何がなんでも感情移入をする必要もないし、登場人物たちがあっさりと描かれていたとしたって、別段不都合はない。

ただ、そういう風にとらえらえることの出来る人は、そんなに多くはないだろうと思う。というか、この本を手にした日本国内の何十万(やがては100万を突破するのは確実だと思うけれど)もの人々が、何らかの喪失感を抱えて生きているのだとしたら、それってちょっとまずいんじゃないの、という気がする。

そうしてたとえば

僕らはそれぞれ力を尽くして、それぞれの人生を生き延びてきた。そして長い目で見れば、そのときもし違う判断をし、違う行動をしていたとしても、いくらかの誤差はあるにせよ、僕らは結局今と同じようなところに落ち着いていたんじゃないのかな。そんな気がする

という文を読んで、1ミリも共感できずに、運命は自分で切り開いて進むものなんじゃないか、と思う人は、たぶん、おそらくこの作品には向いていない。
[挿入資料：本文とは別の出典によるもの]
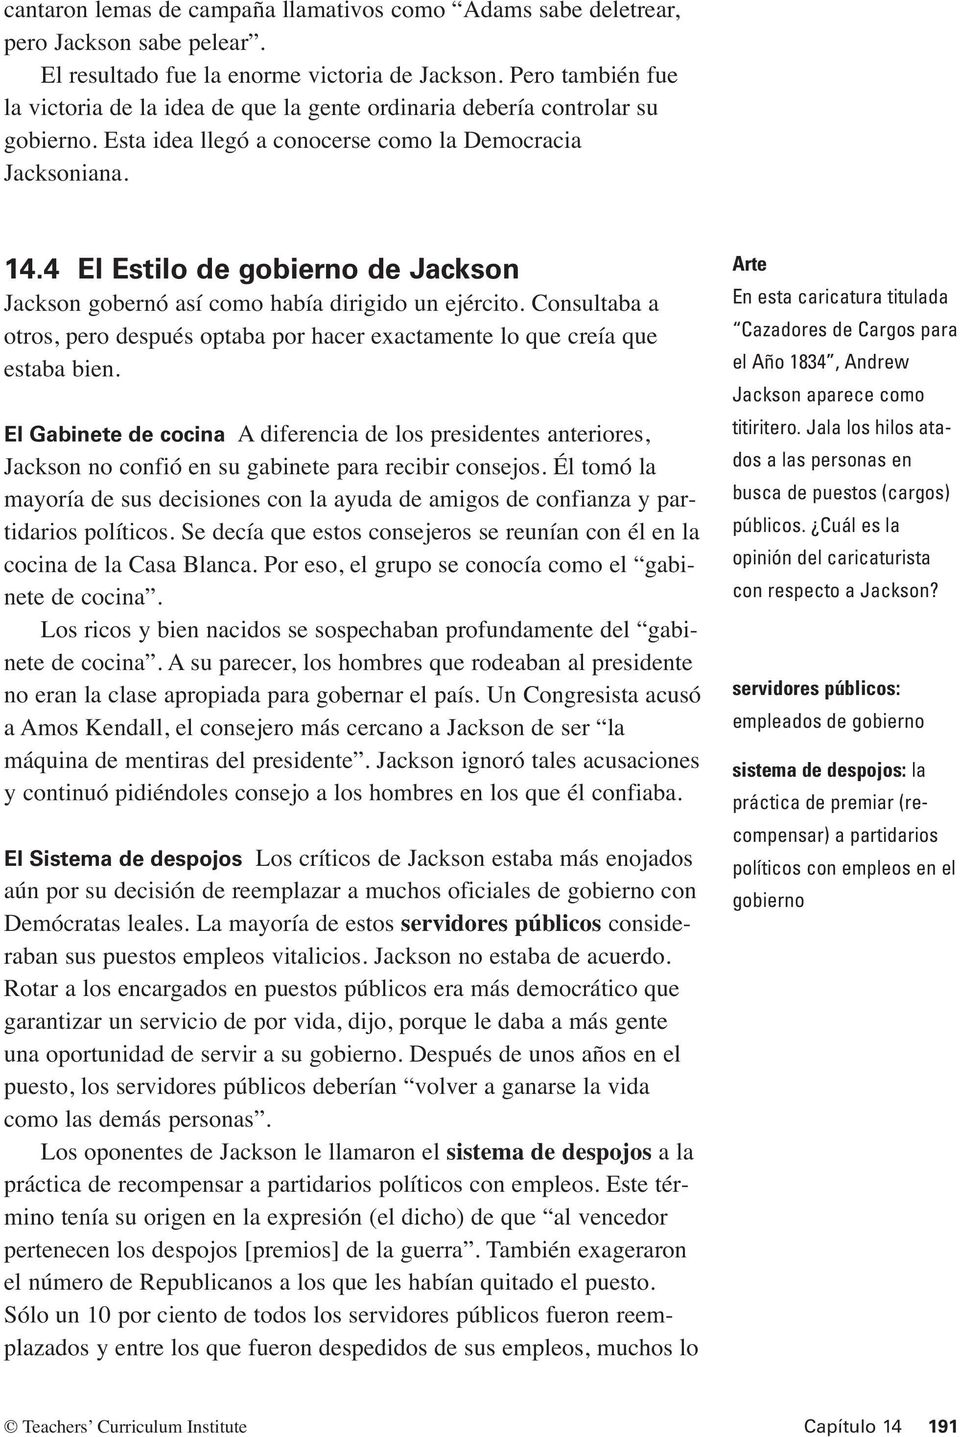 4 El Estilo de gobierno de Jackson Jackson gobernó así como había dirigido un ejército. Consultaba a otros, pero después optaba por hacer exactamente lo que creía que estaba bien.

たとえば10代の若い人とか。夢と希望に満ちあふれた20代の人とか。

もっと年を重ねた、30代後半以上の人が読んで初めて、多崎つくるによって自分の記憶が引っ張り出され、そうして読み終えた時に少しだけ救われたような気持ちになる、そんな経験をすることができるんじゃないかと思う。

そういう意味では。

何度も言うようだけれども。

世間のお祭り騒ぎにのって、タイトルだけ見て買うような作品ではないのだ。

本来ならばまだ必要のない人にこの作品が渡ってしまい、そうして必要以上に作品が貶されることがないよう、今はただそれだけを願っている。

なぜなら、私にとって「色彩を持たない多崎つくると、彼の巡礼の年」とても素敵な作品であったから。